The language pair for the tutorial will be Breton to English. This has been chosen as the two languages have fairy divergent word order (Breton is fairly free, allowing VSO, OVS and SVO, where English is fairly uniformly SVO) which can show some of the advantage which Matxin has over Apertium. The sentence that we're going to use for this purpose is,

Ur yezh indezeuropek eo ar brezhoneg.
[compl A language indo-european] [verb is] [subj the breton].
Breton is an Indo-European language.

There are two main issues with transfer in this case, the first is re-ordering, from OVS → SVO, the second is removing the definite article preceding a language name ar brezhoneg → Breton.

Getting started

This HOWTO expects the user to have a basic familiarity with the Apertium platform, if you don't, feel free to have a look over the pages: lttoolbox, bilingual dictionary and Apertium New Language Pair HOWTO.


For the analysis/disambiguation/dependency steps, there are two main options open:

  1. use the Apertium tool lttoolbox for morphological disambiguation, Constraint Grammar for rule-based disambiguation and syntactic tagging, apertium-tagger for statistical disambiguation and finally Constraint Grammar for dependency analysis
  2. use FreeLing for all these steps

Typically the choice will rest on what resources you have available, and the strengths and weaknesses of each of these tools.

Analysis with Apertium and Constraint Grammar

(to be written...)

Analysis with FreeLing

The analysis process in Matxin is done by Freeling, an free / open-source suite of language analysers. The analysis is done in four stages, requiring four (or more) sets of separate files. The first is the morphological dictionary, which is basically a full-form list (e.g. Speling format) compiled into a BerkeleyDB format. There are then files for word-category disambiguation and for specifying chunking and dependency rules. There are two more stages that come before morphological analysis, tokenisation and sentence splitting, but for the purposes of this tutorial they will be considered along with morphological analysis.

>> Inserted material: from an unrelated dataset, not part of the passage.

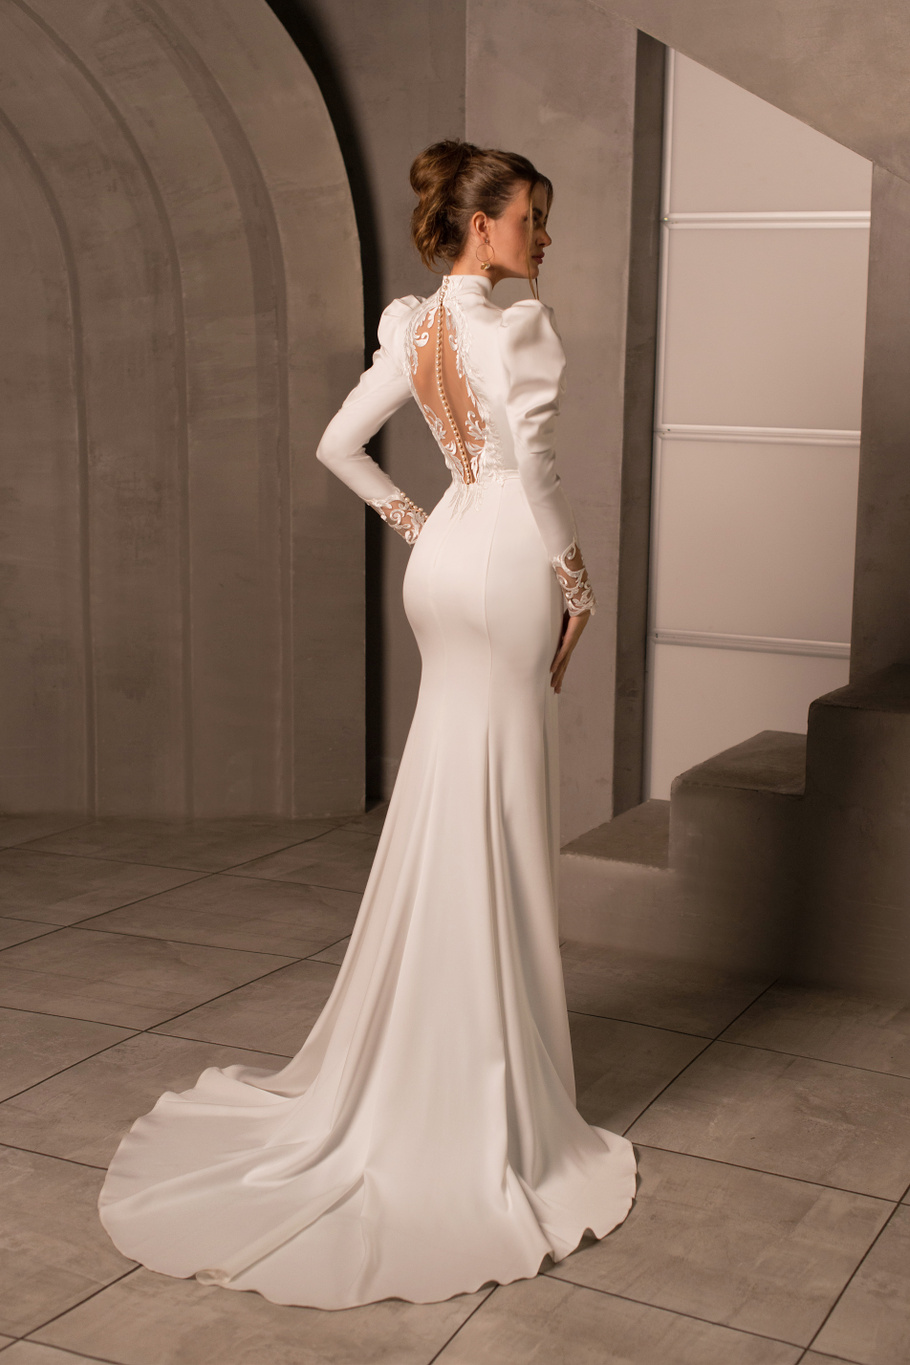 Купить свадебное платье «Лиор» Мэрри Марк из коллекции Минимализм 2023 года в салоне «Мэри Трюфель»

Normally a single program is used to do all the different stages of analysis, taking as input plain or deformatted text, and outputting a dependency analysis, the behaviour of this program is controlled by a file called config.cfg. In Matxin this program is called Analyzer, however in the following stages, we'll be using separate tools and will leave creating the config file until the last minute as it can get complicated.

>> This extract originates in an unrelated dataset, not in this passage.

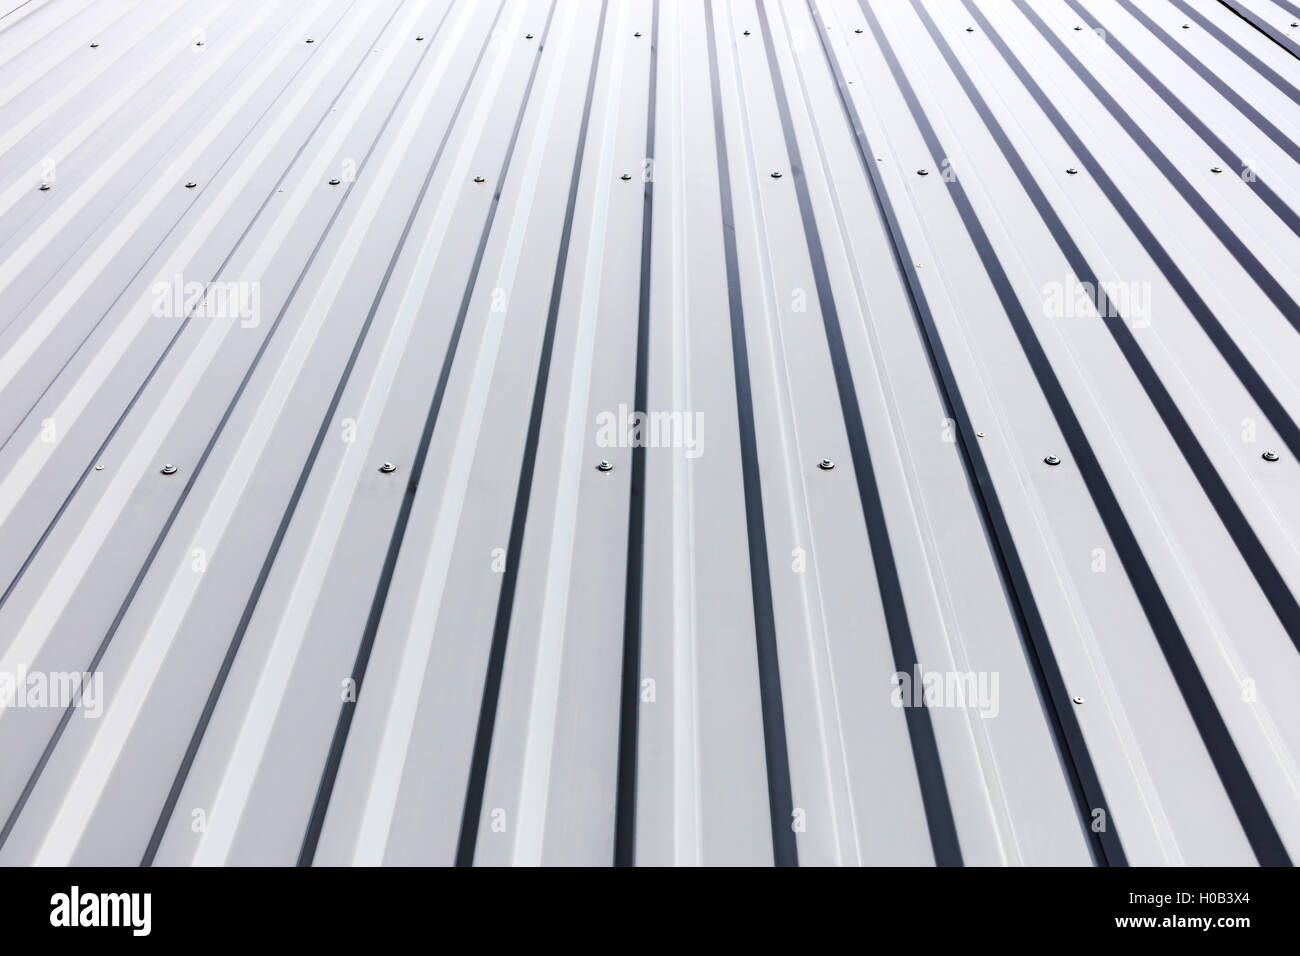 Wellpappe Stahlmantel mit Nieten am Dach des Industriebaus Stockfoto

As companion reading to this section the Freeling documentation is highly recommended. This tutorial skips over features of Freeling which are not necessary for making a basic MT system with Matxin, and note that it is also possible to use other analysers as input into the chunking / dependency parsing parts of Freeling, for more information see here.

Morphological

In order to create your morphological analyser in Freeling you basically need to make a full-form list. If there is already an Apertium dictionary for the language, you can use the scripts in apertium SVN (module apertium-tools/freeling) to generate a dictionary from scratch, if not, then either build it from scratch, or build a dictionary in lttoolbox and then generate the list.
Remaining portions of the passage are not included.